> [WHAT NEEDS TO BE DONE]:
Transcribe the data verbatim and drop its images.

> [DATASET EXCERPT]:
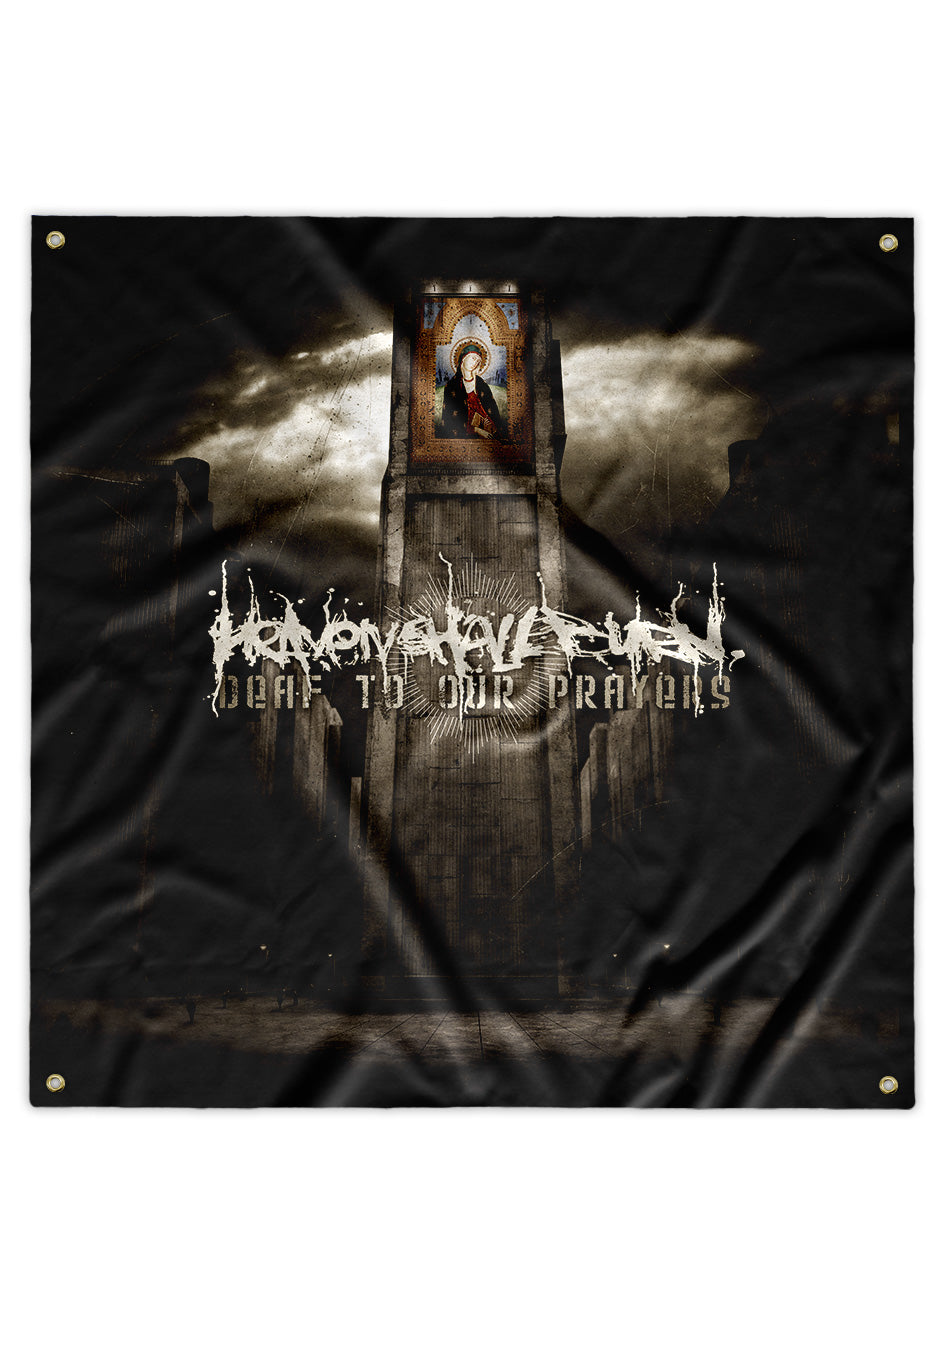 Heaven Shall Burn - Deaf To Our Prayers Cover - Flag
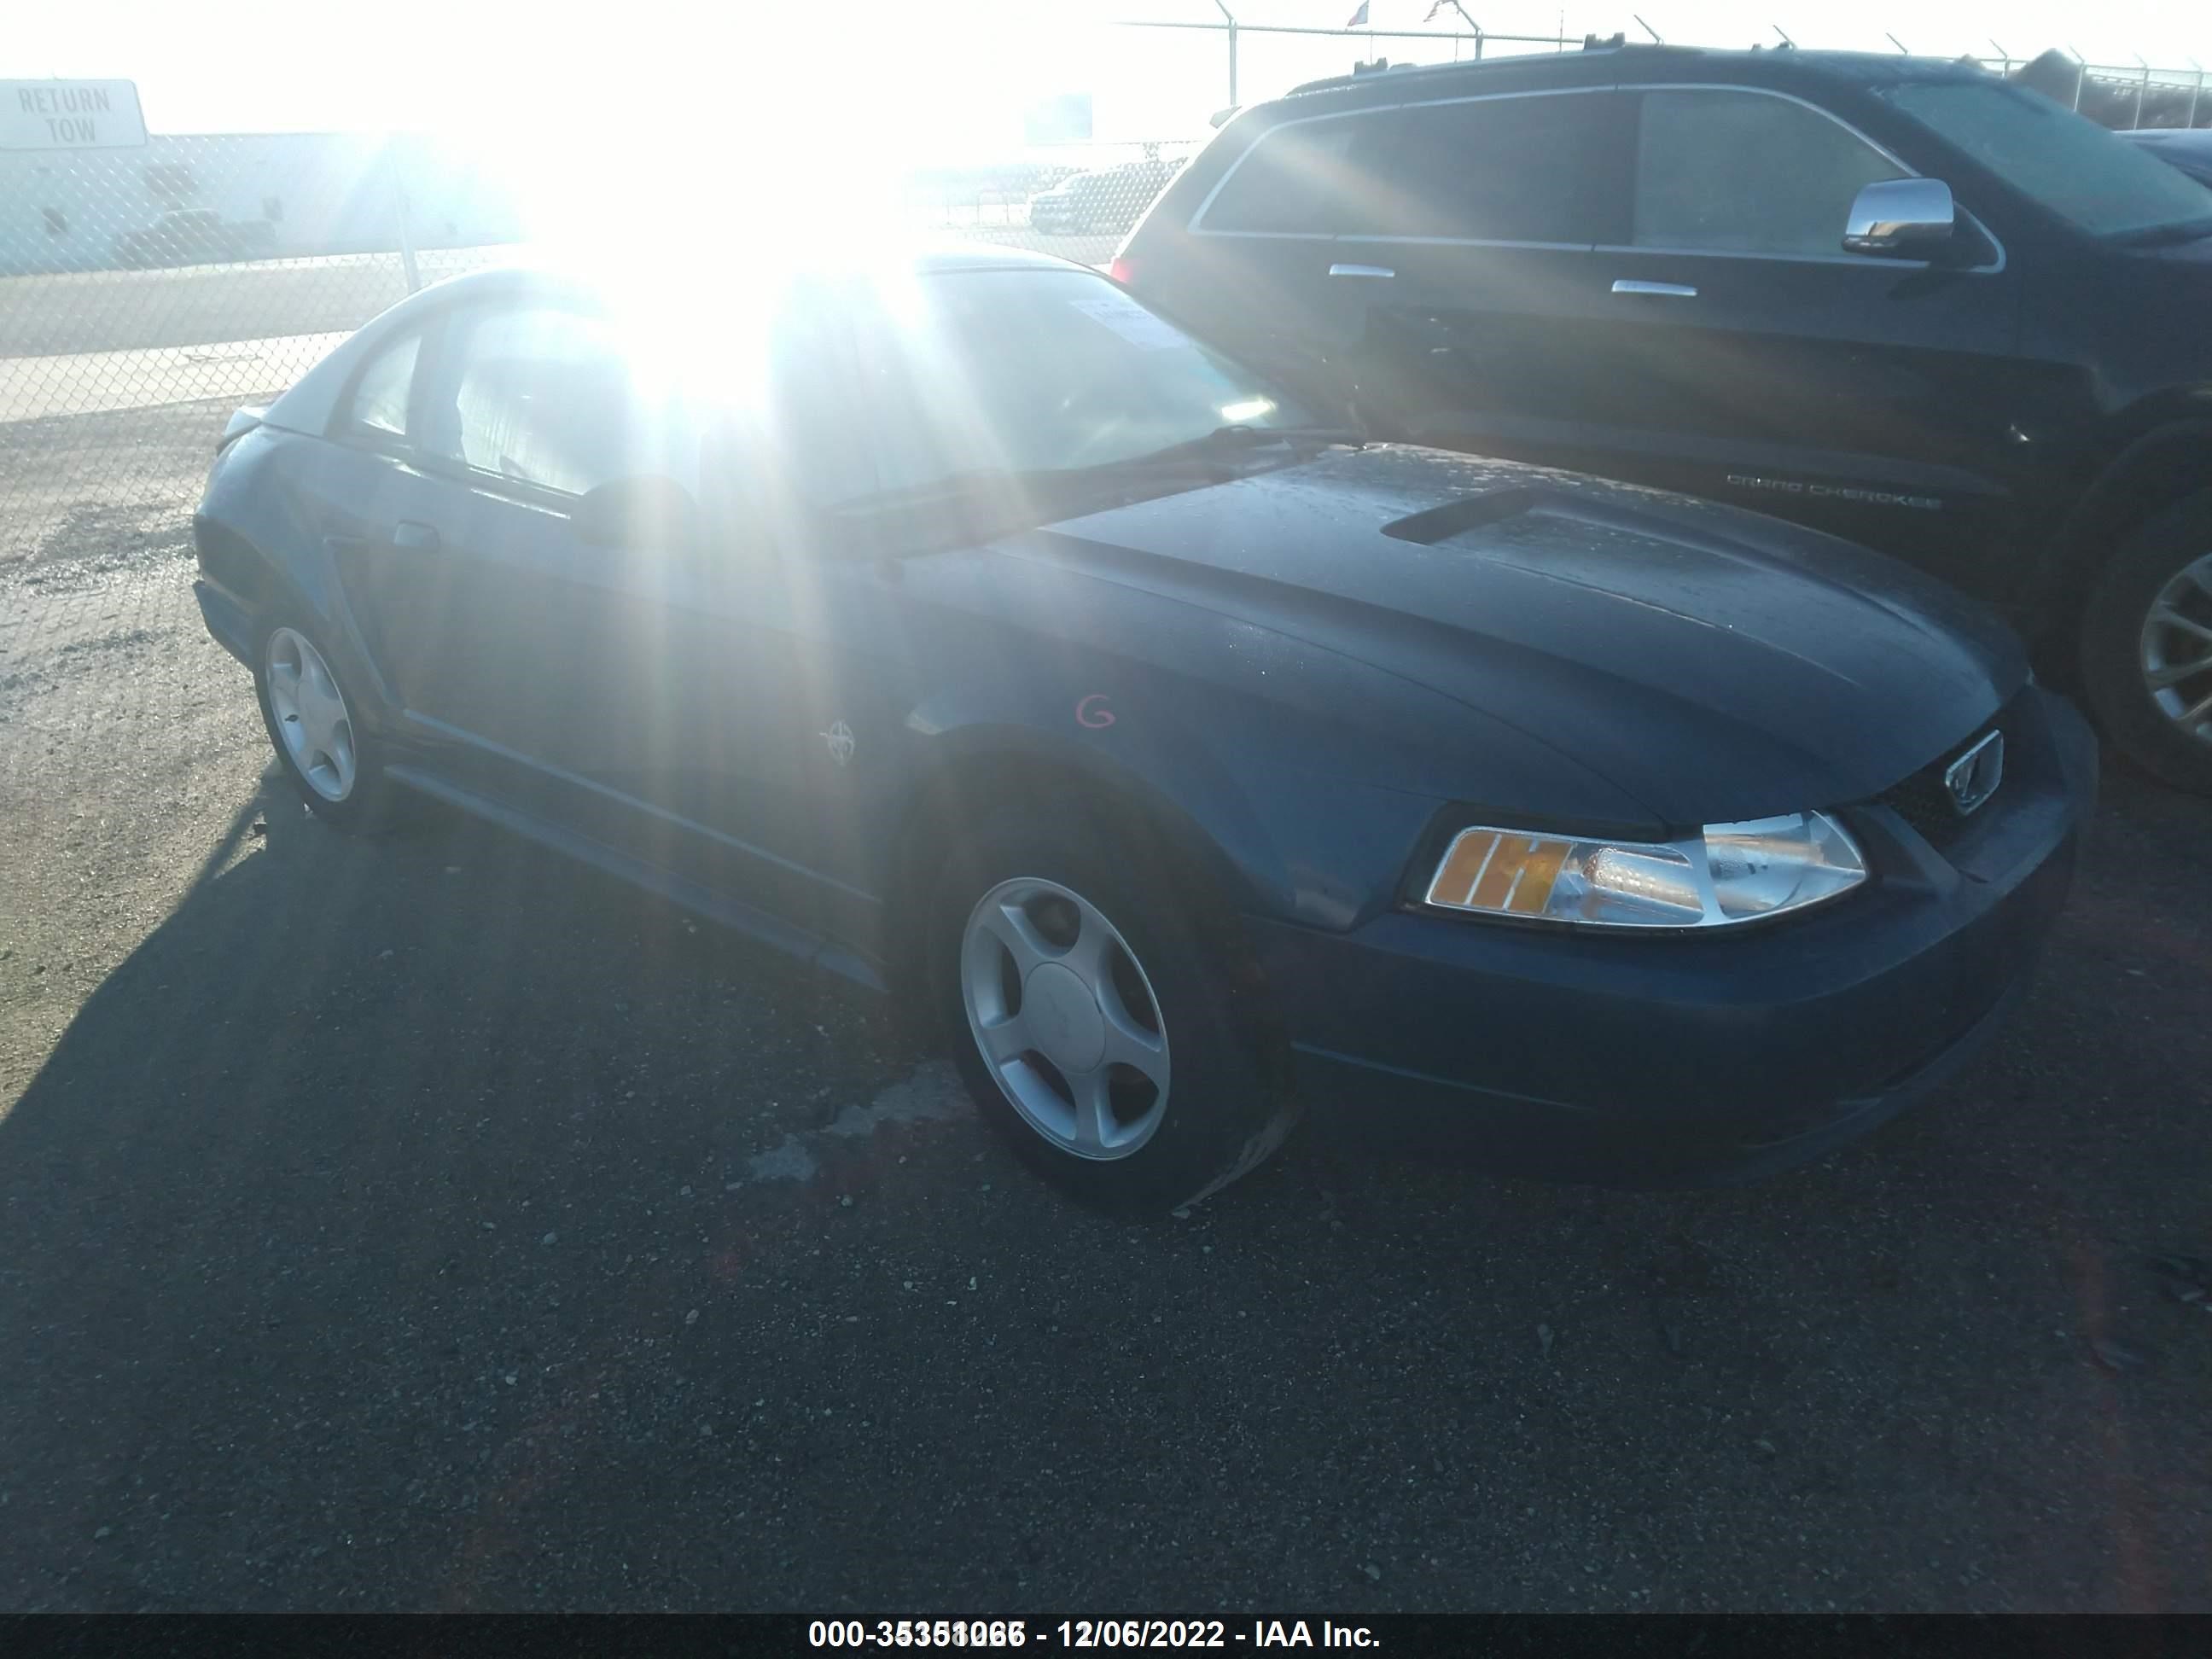 VIN: 1FAFP42X7XF178752 - ford mustang
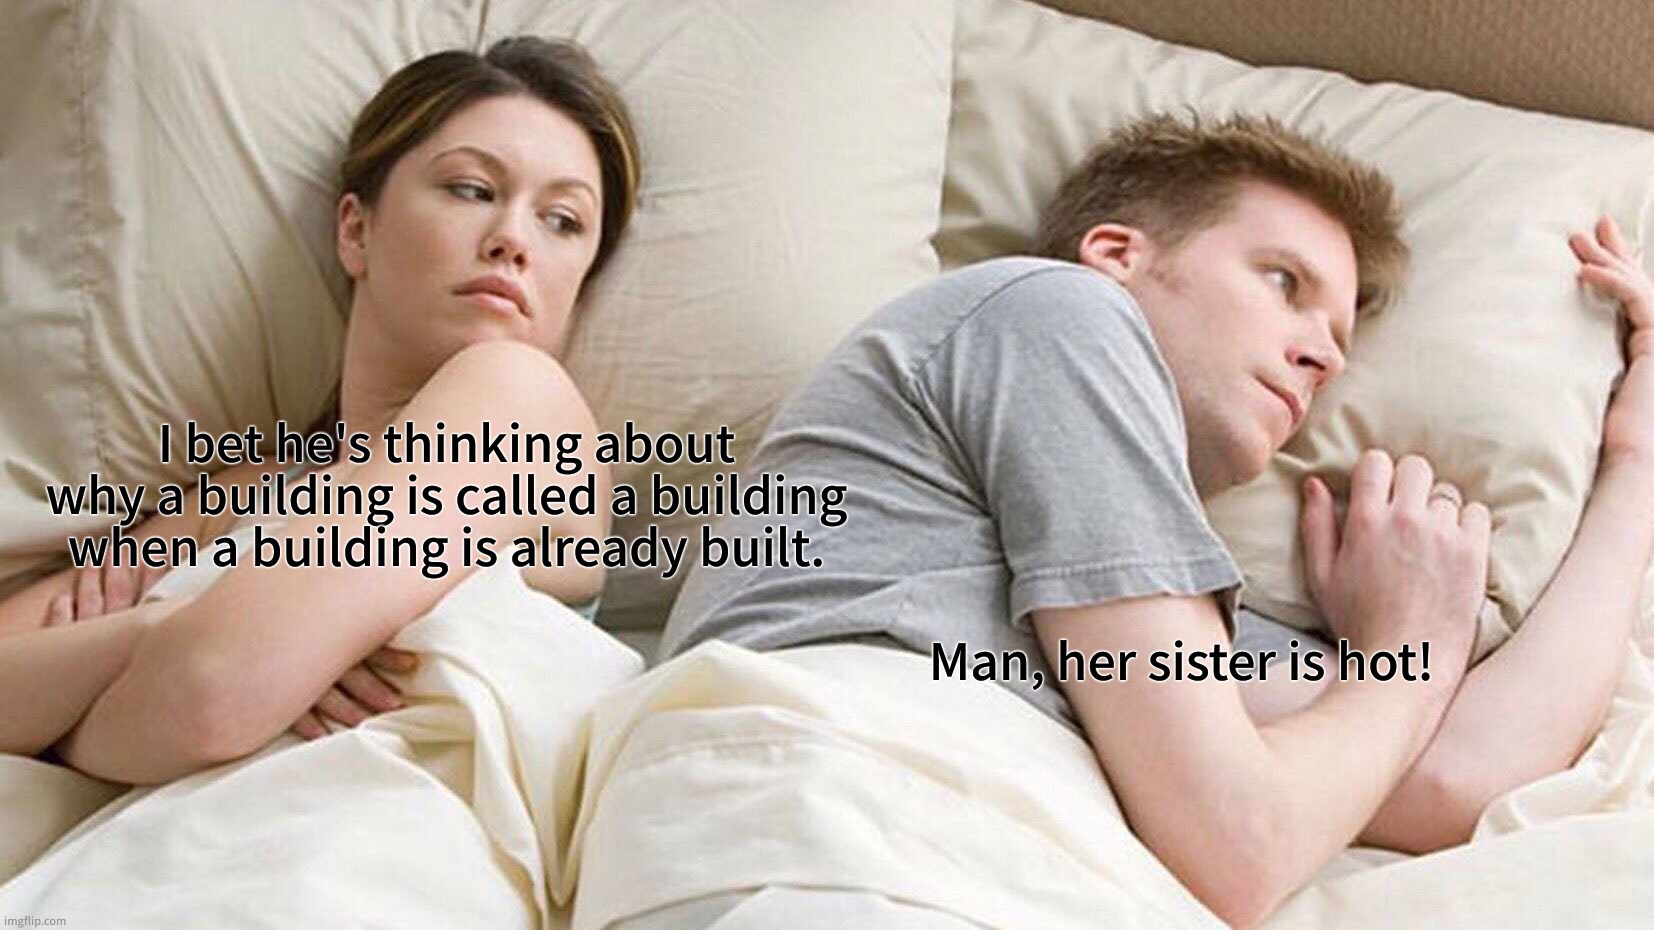 plot twist lol | I bet he's thinking about why a building is called a building when a building is already built. Man, her sister is hot! | image tagged in memes,i bet he's thinking about other women | made w/ Imgflip meme maker

> [SOLUTION FOR THIS TASK]:
 Heaven Shall Burn - Deaf To Our Prayers Cover - Flag
 VIN: 1FAFP42X7XF178752 - ford mustang
 plot twist lol | I bet he's thinking about why a building is called a building when a building is already built. Man, her sister is hot! | image tagged in memes,i bet he's thinking about other women | made w/ Imgflip meme maker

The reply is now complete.